La periodista Ana Iris Simón, víctima del intento de la cultura de la cancelación tras la publicación de casi todas sus colaboraciones en prensa, argumentaba que ella, frente a otras “víctimas”, tenía la suerte de que no se hiciera efectiva, es decir no le impidieran seguir escribiendo. Porque de eso se trata la cultura de la cancelación, de que tú y/o tus opiniones y trabajos, acaben proscritos, expulsados del panorama público y cultural. Parece que, cuanto más famosa es la víctima, menos efectiva es la “cultura” de la cancelación.
El primer afectado de las cancelaciones fue el humor: aquellos chistes que mencionan colectivos “desfavorecidos” no gustaban por poco respetuosos, olvidando por completo la función irónica del humor; pero luego las afectaciones han ido más allá de lo lúdico. Se ha llamado a la quema de libros, se han cambiado denominaciones históricas para no ofender, se han boicoteado películas, columnas de diarios, libros, videojuegos, anuncios publicitarios… Sin ir más lejos, hace unos días el consejo escolar de Toronto rechazó una charla de la premio Nobel Nadia Murad, iraquí de ascendencia yazidí torturada por los yihadistas, porque podía “fomentar la islamofobia” (parece que los vulnerables a proteger aquí eran los islamistas, no las torturadas que han sufrido su violencia).
El asunto es tan preocupante que el pasado año logró el consenso entre intelectuales de diferente perfil ideológico para denunciarlo en un manifiesto en la revista estadounidense Harpers. Allí lo firmaron desde Noam Chomsky a Salman Rushdie, de J.K. Rowling a Margaret Atwood, todos ellos sintiéndose amenazados por la cultura de la cancelación.
Cómo a nadie en su sano juicio se le va a ocurrir ir contra las palabras libertad, democracia, derechos, respeto a la diversidad… que son las utilizadas por los que cancelan para justificar su acto. Así pues, aquellos contrarios a esa cancelación se callan, y con su silencio justamente alimentan aquello con lo que no estaban de acuerdo.

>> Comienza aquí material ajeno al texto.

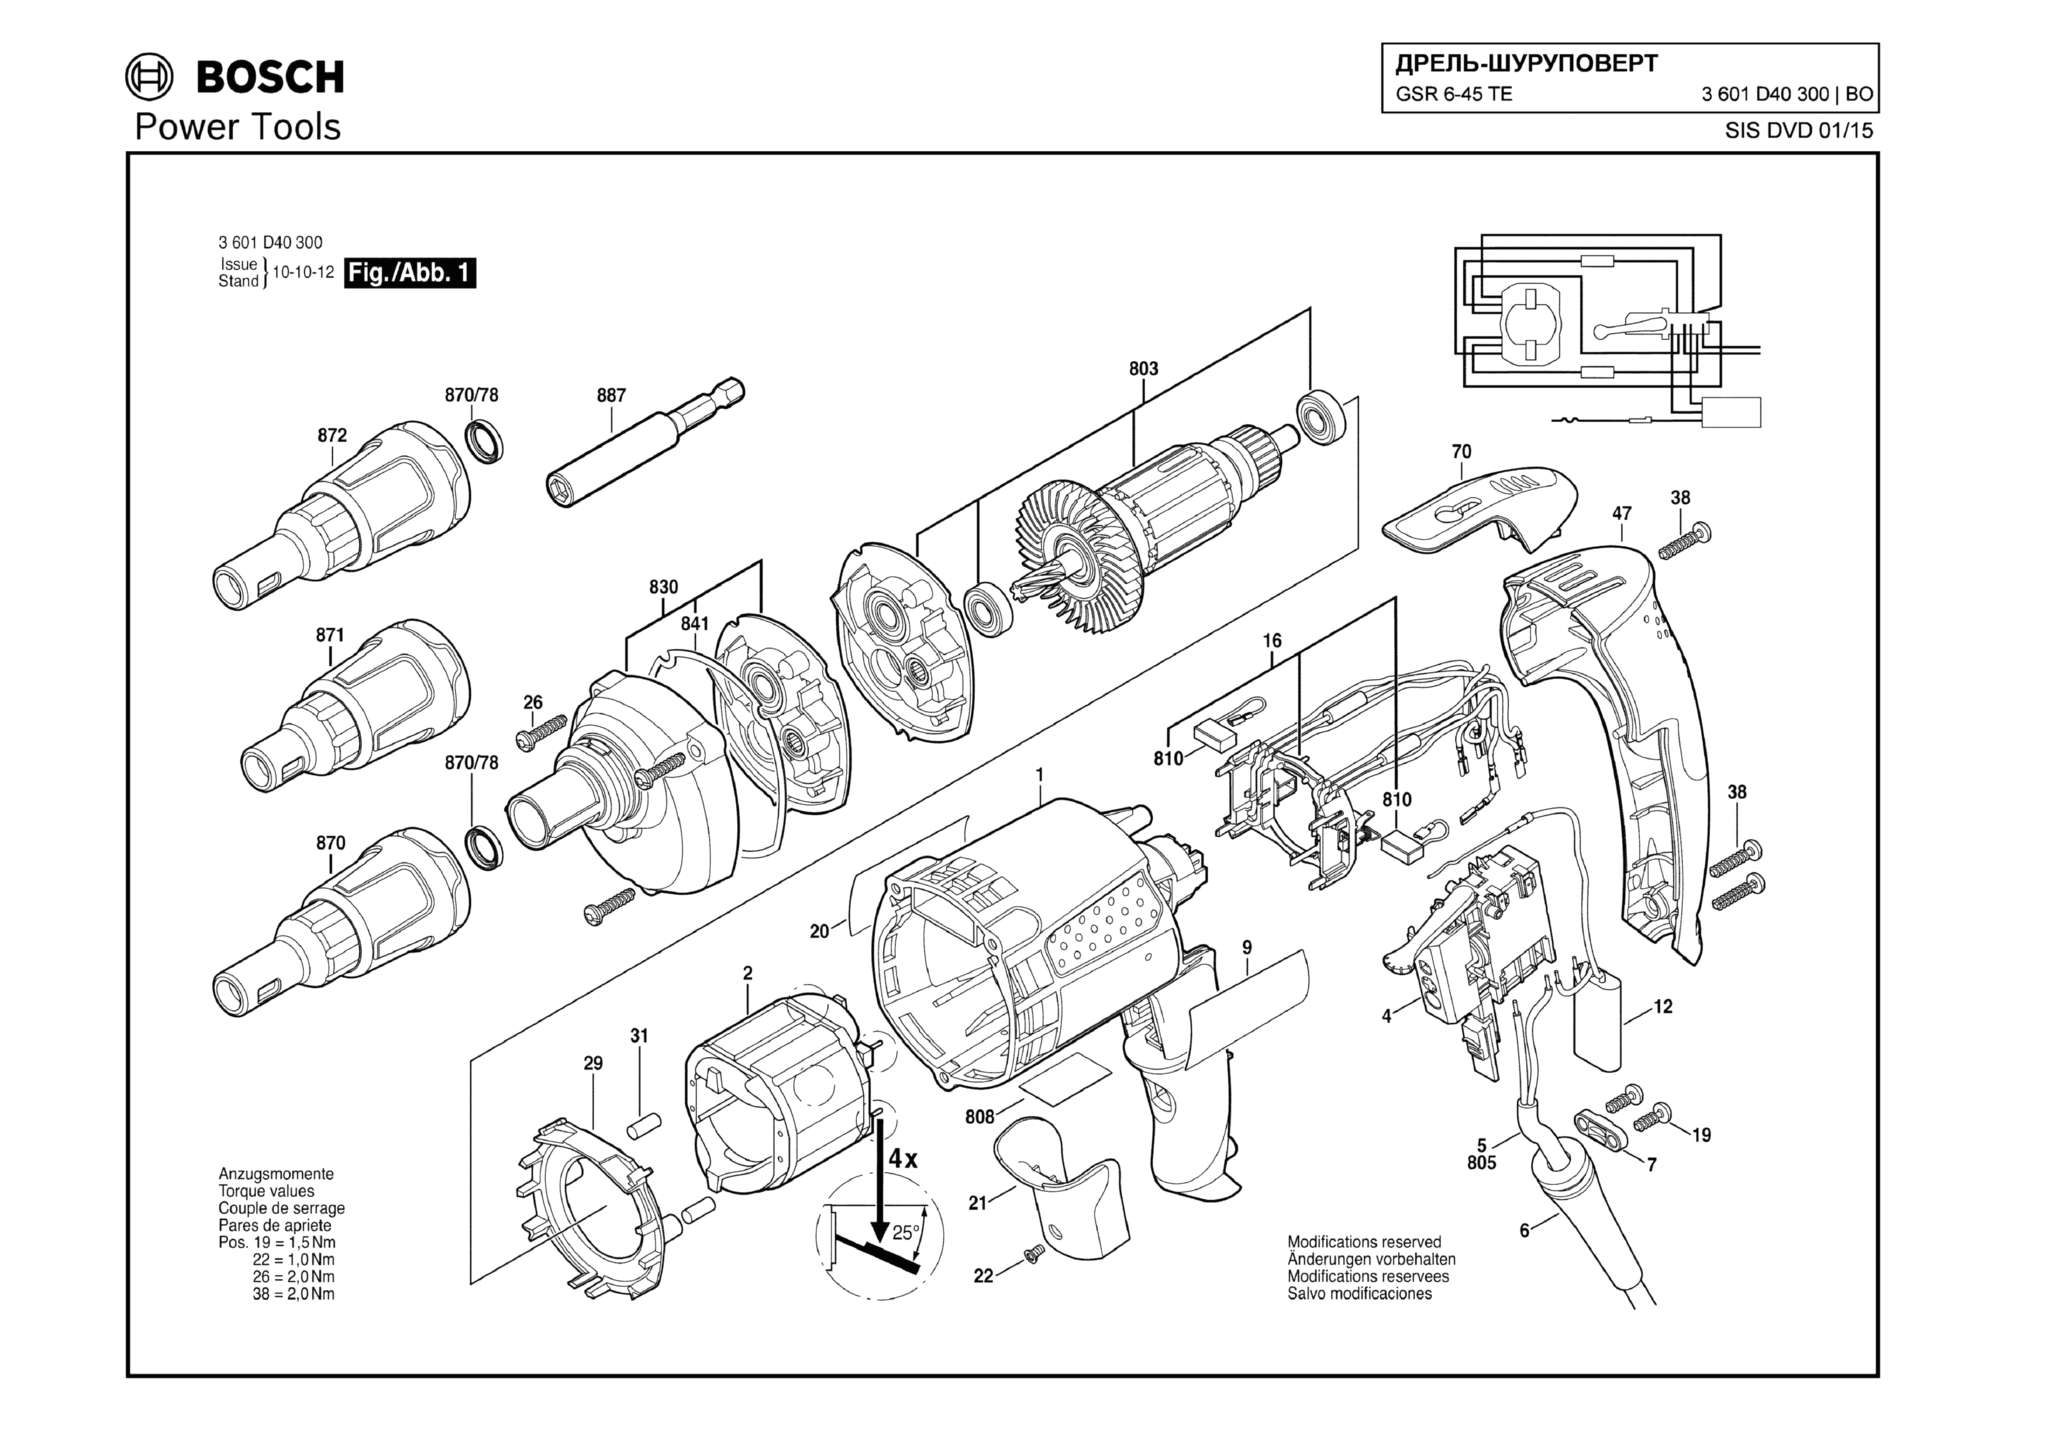 Запчасти, схема и деталировка Bosch GSR 6-45 TE (ТИП 3601D40300)

Las hordas canceladoras siempre lo hacen bajo la bandera de la defensa de alguna víctima de algo. Está claro que, como explica Daniele Giglioli en su libro Crítica de la víctima: “La víctima es el héroe de nuestro tiempo. Ser víctima otorga prestigio, exige escucha y promete y fomenta reconocimiento, activa un potente generador de identidad, de derecho, de autoestima. Inmuniza contra cualquier crítica, garantiza la inocencia más allá de toda duda razonable”. ¿Cómo se nos ocurre acusar a una víctima de ser culpable o responsable de algo? Imposible, claro. La víctima es intocable y en nombre de la defensa de la víctima se puede cancelar a cualquiera bajo la acusación de “agredirla”.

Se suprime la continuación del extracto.